I'm not convinced that other magazines couldn't have provided an image of similar quality, your arguments are rather hand-wavy. The notion that only a person from the same field can have a valid opinion on this is frankly ridiculous. It's plainly ad hominem / argument from authority. I don't care to convince you that we should change the practice of using this picture, but I'm curious to know why you would think we should NOT change it, given that there happen to be people who believe that we should.
Find one. I've been through a fair amount of old periodicals from the 60s and 70s and I'm at a loss to think of something comparable. A copy of Vogue (est 1892) or W magazine (est. 1972) would probably have comparable images, but would probably not have been readily available at the time to the demographic doing this kind of research.
We should not change it for the reasons I made in several sibling comments: we lose a common point of comparison.
You can dilute it's relevance by providing many alternative reference images for many algorithms and popularized those alternative reference images. No one in the field is going to complain about having more common reference images, but they sure as heck are going to see you as "book burner" if you trying to eliminate the one common image without first providing alternatives. Merely stating there are other lossless images is not sufficient. You need to provide those same images after having been processed with every relevant algorithm someone might need to know.

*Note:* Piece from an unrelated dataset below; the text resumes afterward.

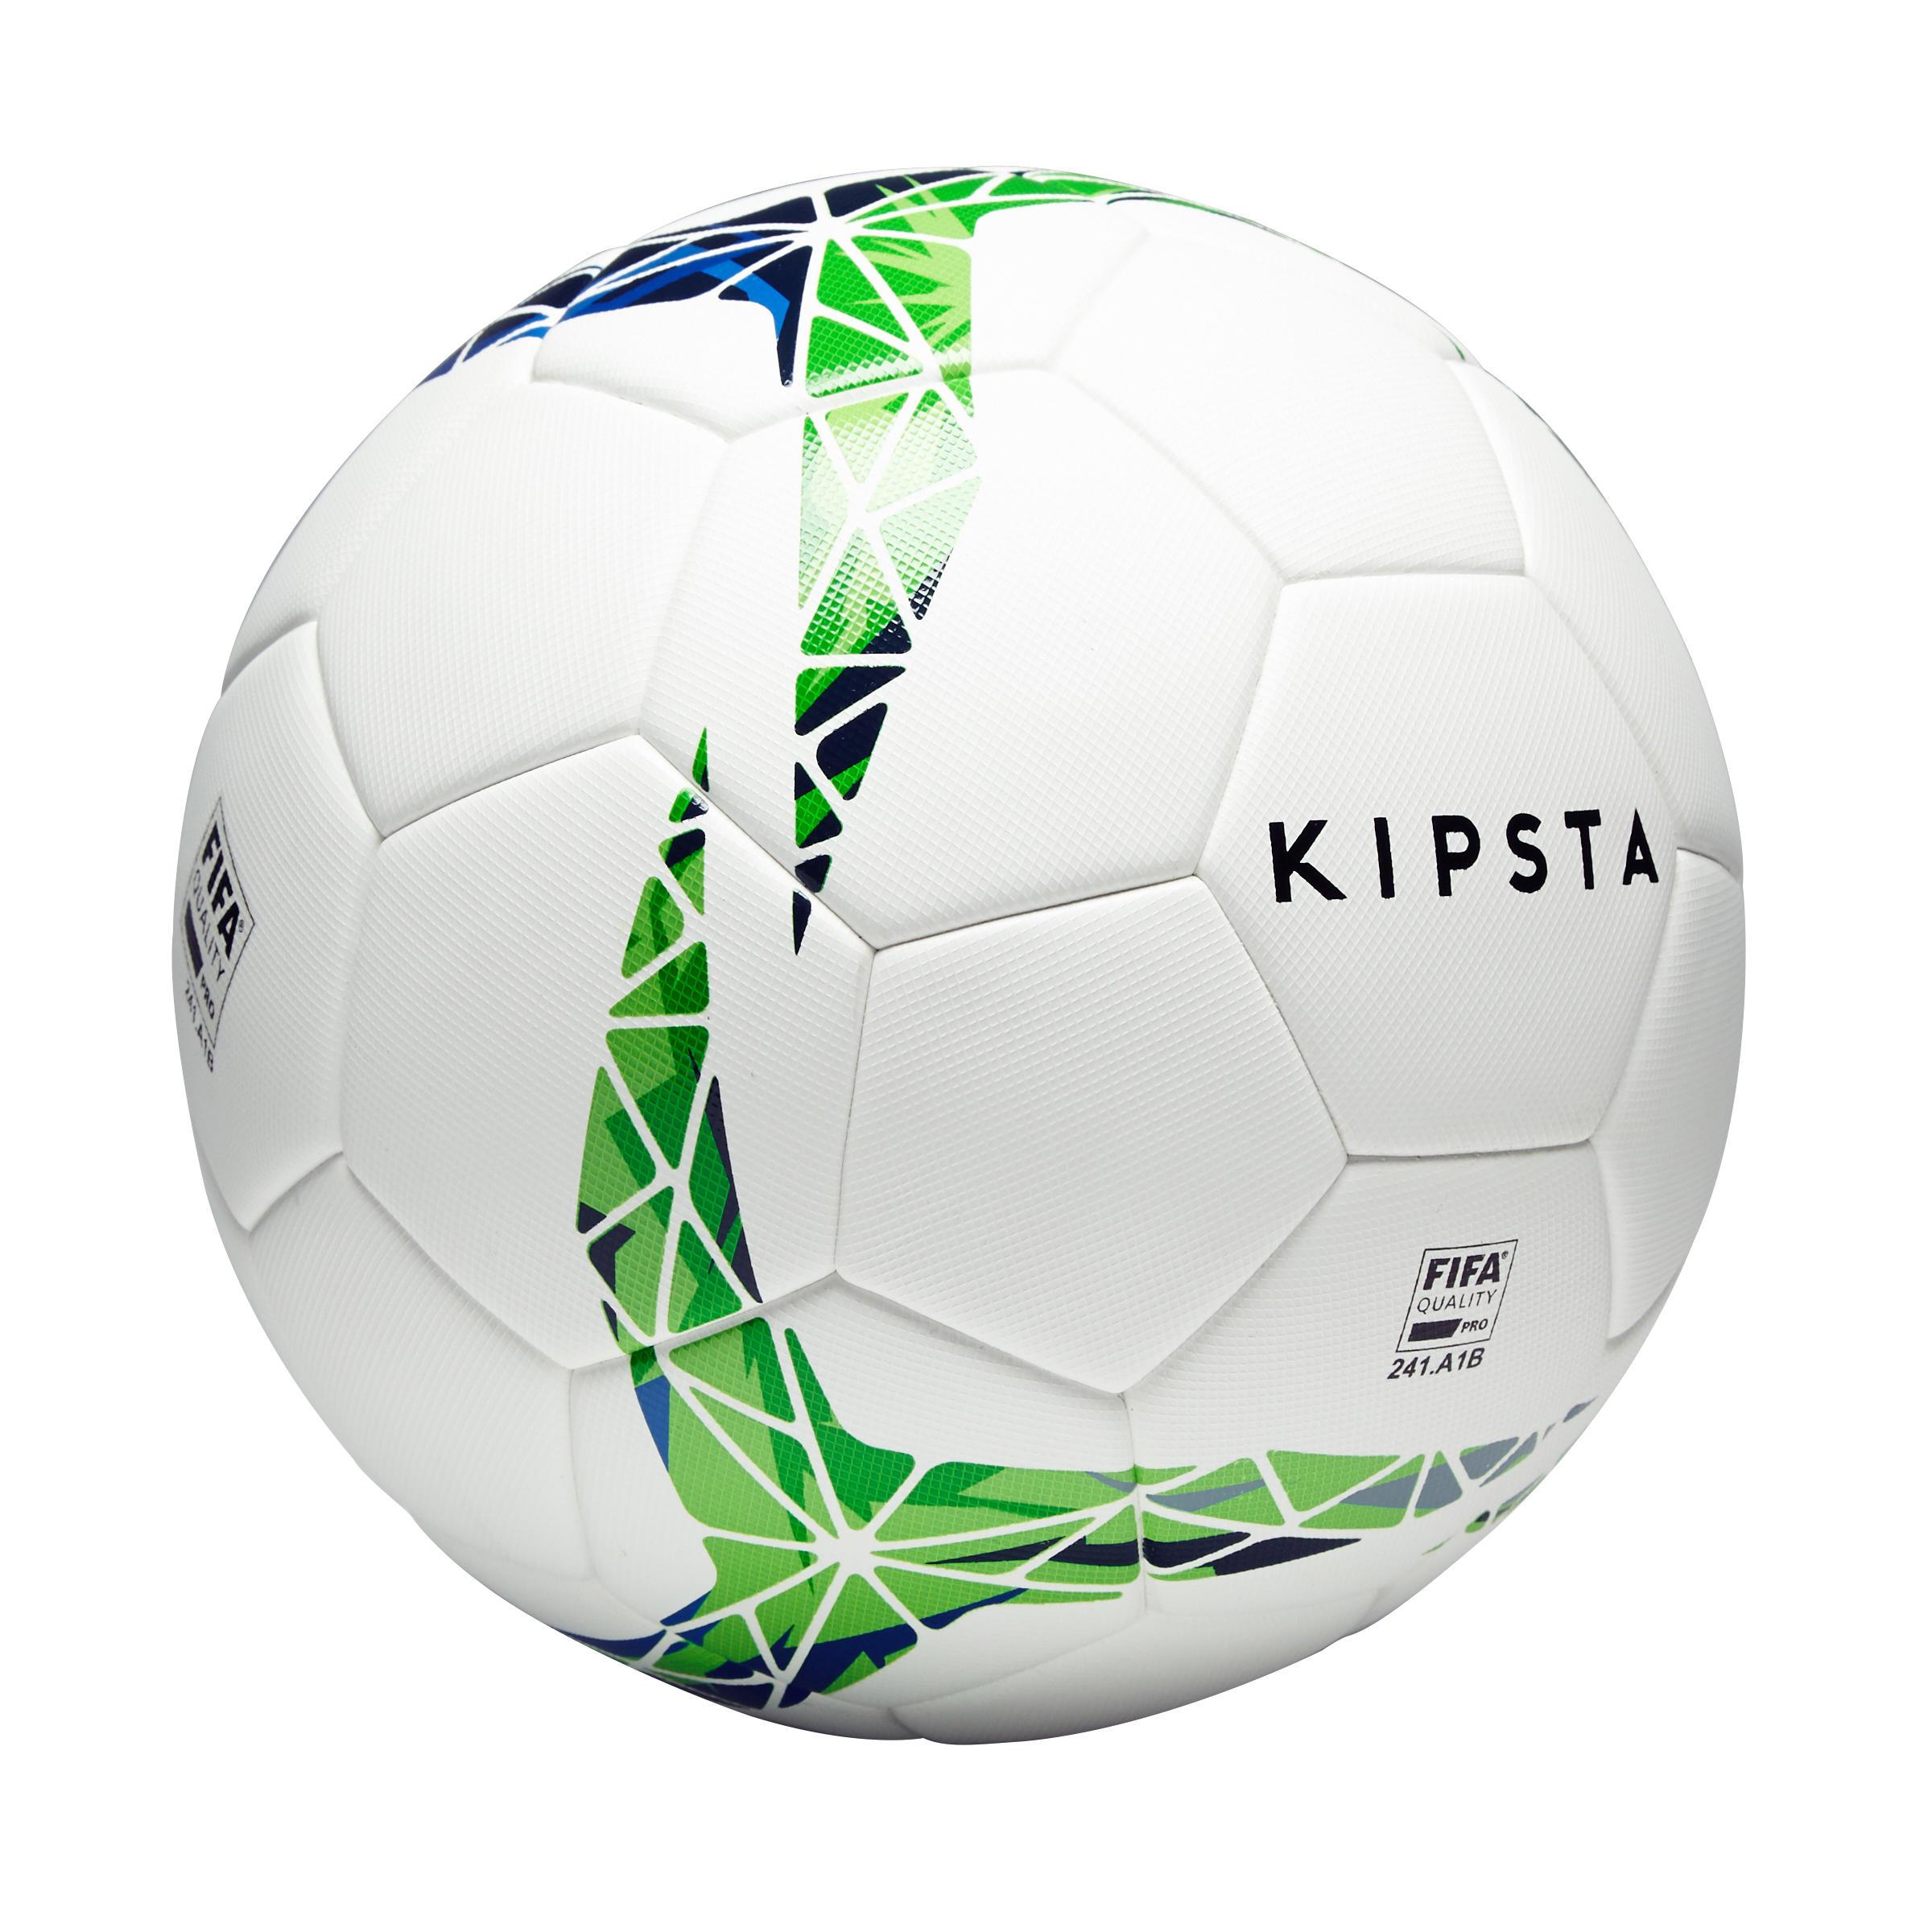 Kipsta Voetbal F900 FIFA Pro maat 5 wit kopen

How about you start off by doing this work for Bellard. Take the Mozilla set, run them through BGP and send the images to Bellard for inclusion on his website. Enrich us. Don't make us poorer.
> The notion that only a person from the same field can have a valid opinion on this is frankly ridiculous. It's plainly ad hominem / argument from authority.
The notion that someone uninvolved can have an opinion and expect others to shoulder the burden of conforming to that opinion is even more ridiculous.